▶ Problem requirements
Below are some records. Return exactly their lines from the one containing "Oryginał Dealer BMW" through the one containing "Кольцо Xuping из", and drop the pictures.

▶ Records
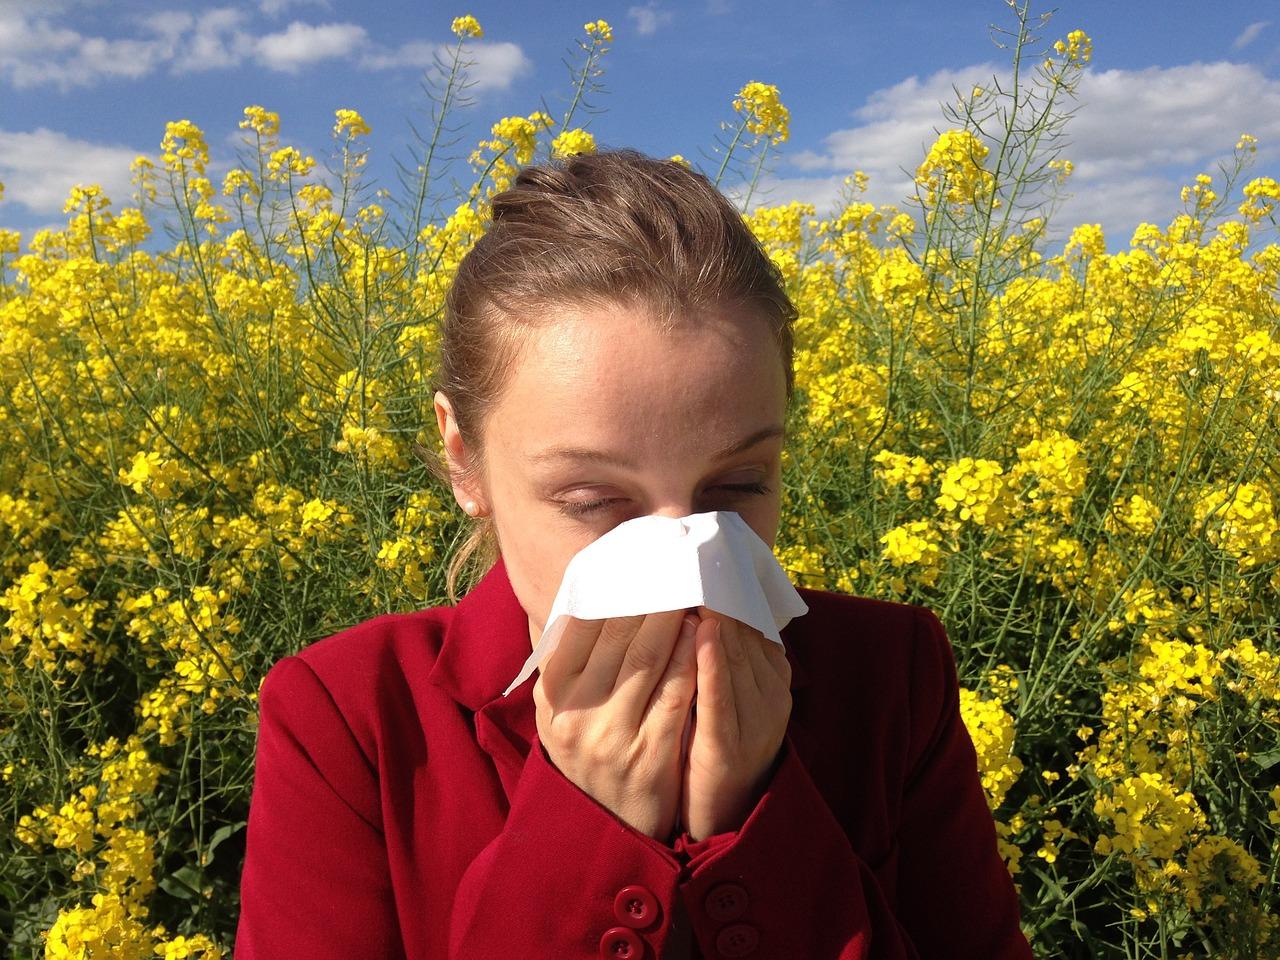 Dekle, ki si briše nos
---
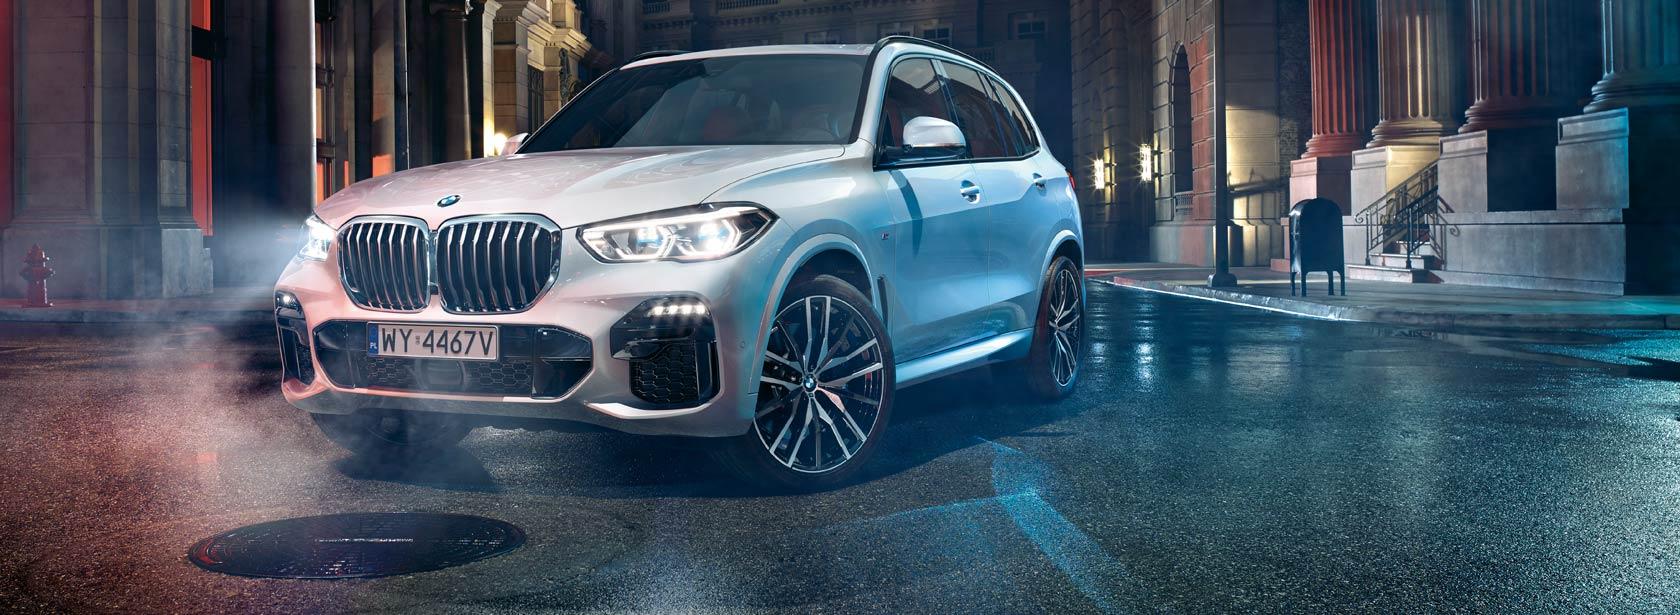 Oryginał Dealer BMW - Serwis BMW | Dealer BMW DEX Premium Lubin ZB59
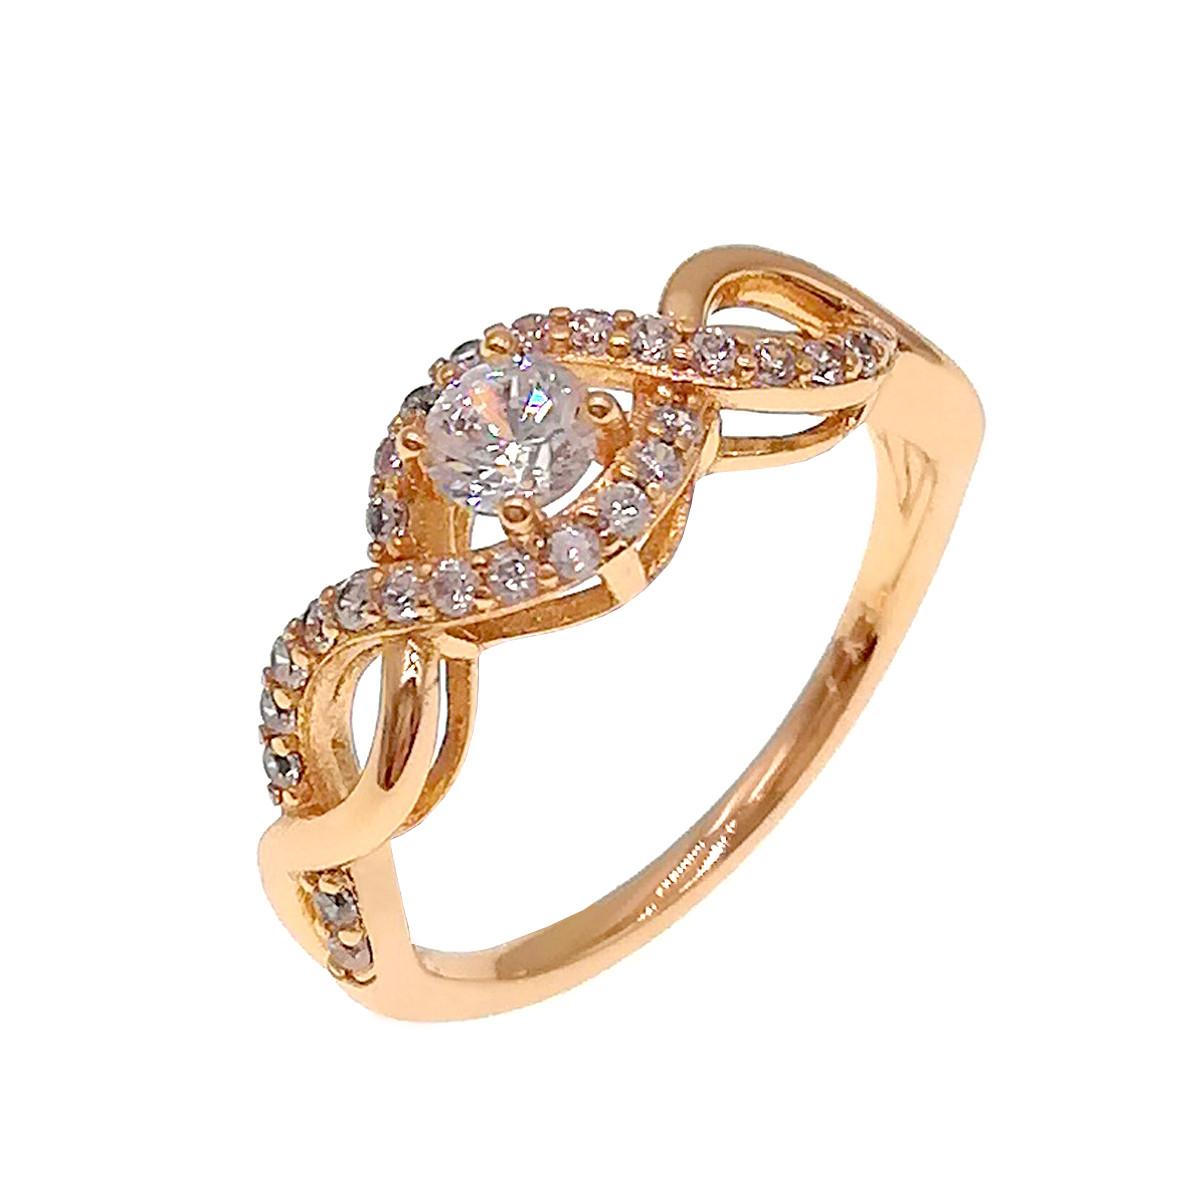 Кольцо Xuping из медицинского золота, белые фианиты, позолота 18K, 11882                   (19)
* * *
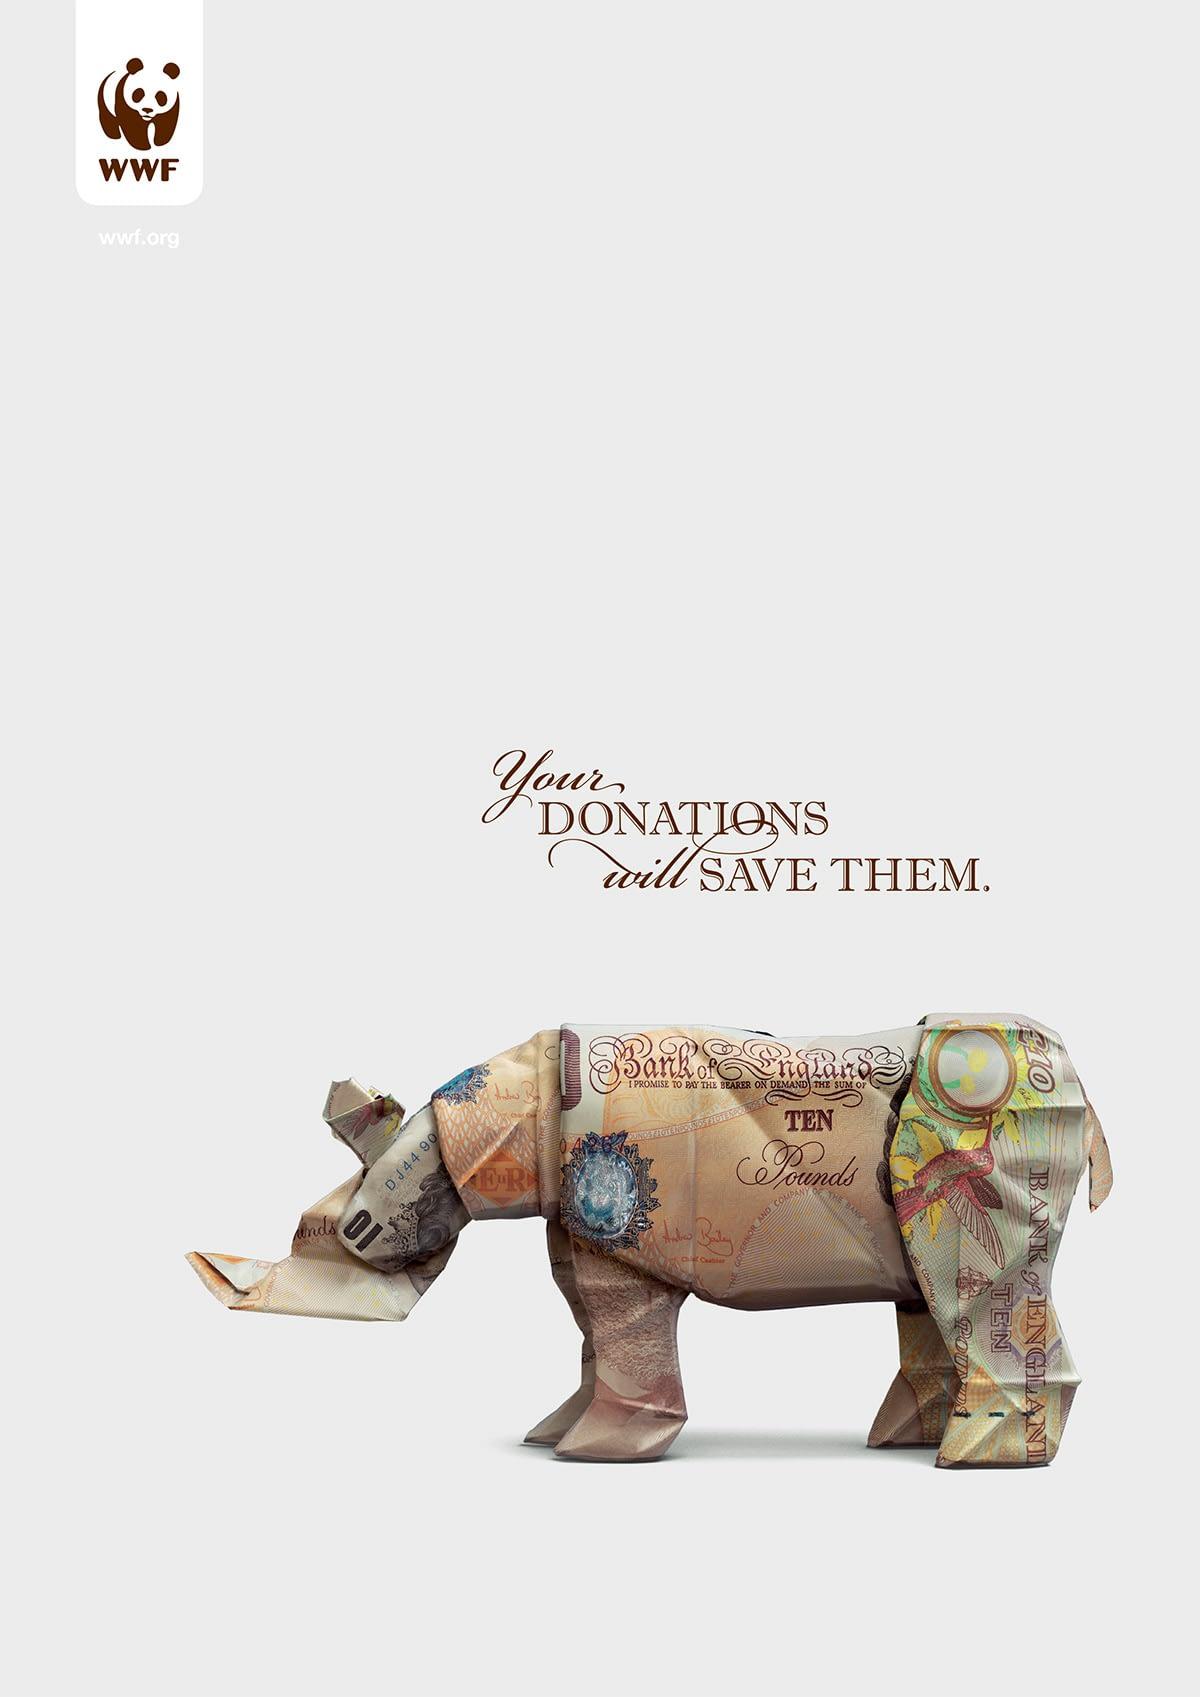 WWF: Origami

▶ Result below
 Oryginał Dealer BMW - Serwis BMW | Dealer BMW DEX Premium Lubin ZB59
 Кольцо Xuping из медицинского золота, белые фианиты, позолота 18K, 11882                   (19)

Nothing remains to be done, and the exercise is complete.